You've built an invoice processing system that combines Llama's multimodal capabilities to handle real-world document complexity. The two-stage architecture provides a flexible foundation that can be adapted to various industries and scale requirements. Here's how to extend this system for specific business needs and scale requirements.

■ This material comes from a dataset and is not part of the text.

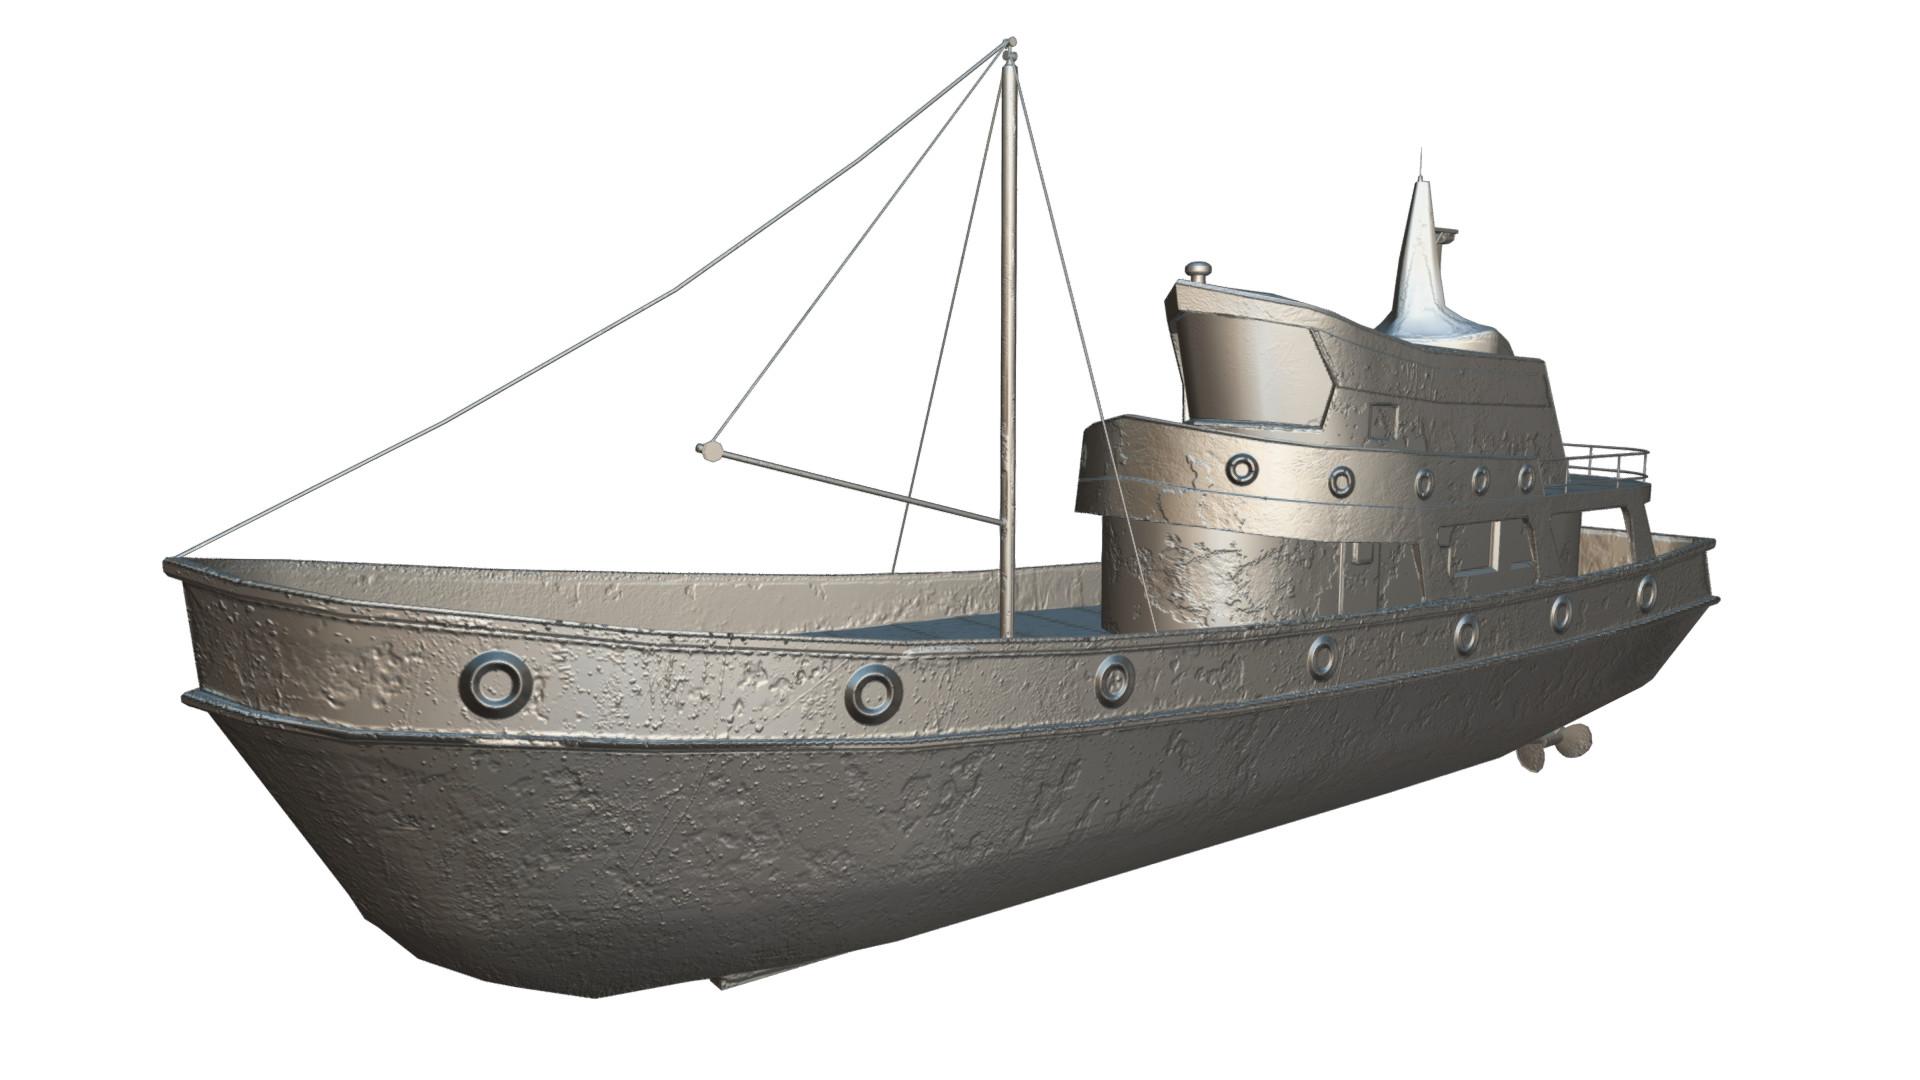 Charlie kay boat ruin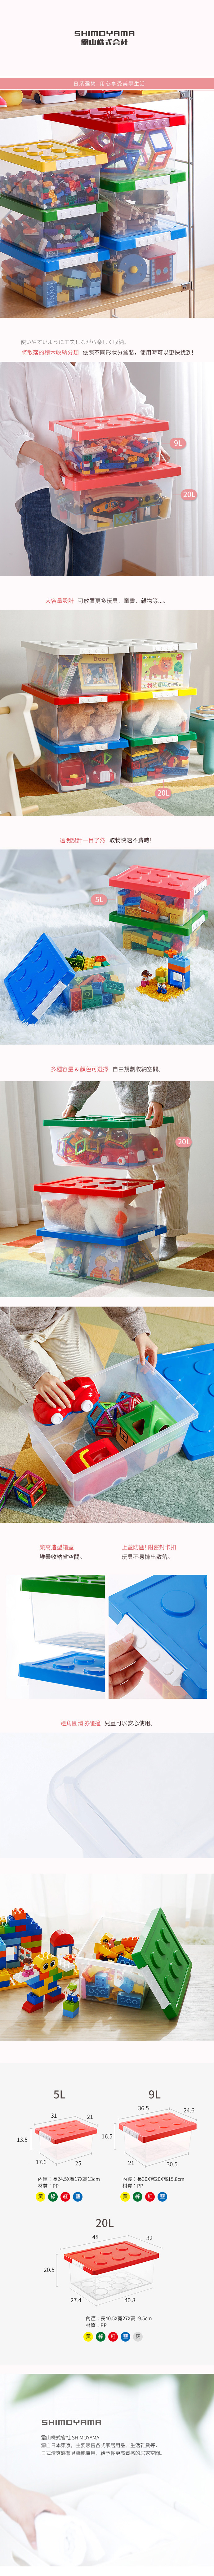 霜山|樂高可疊式積木玩具收納盒-加大款-3入-4色選

| Invoice Type | Recommended Approach | Why |
|:------------|:--------------------|:----|
| **Simple receipts** (< 10 items) | Stage 1 only | Multimodal extraction suffices for straightforward layouts |
| **Complex invoices** (multiple currencies) | Both stages | Stage 2 enrichment adds critical currency normalization |
| **High-value transactions** (> $10K) | Both stages + confidence scoring | Add verification techniques for risk mitigation |
| **Batch processing** (> 100/day) | Adaptive routing | Use confidence thresholds to route only ambiguous cases to Stage 2 |

### Expanding with production tools

While this tutorial uses currency conversion to demonstrate tool calling, production systems typically integrate high-impact business tools:

**Vendor Validation**: `validate_vendor` checks vendors against approved supplier databases, reducing fraud risk and ensuring compliance with procurement policies.

**Duplicate Detection**: `duplicate_detection` prevents double payments by comparing invoice amounts, dates, and vendor details against recent payment history.

**Budget Approval**: `check_budget_approval` verifies purchases against approved budgets and spending limits, enabling automated approval workflows for compliant transactions.

Each additional tool follows the same pattern: define the tool schema, implement the function, and let the Llama model decide when to use it based on invoice data and business rules.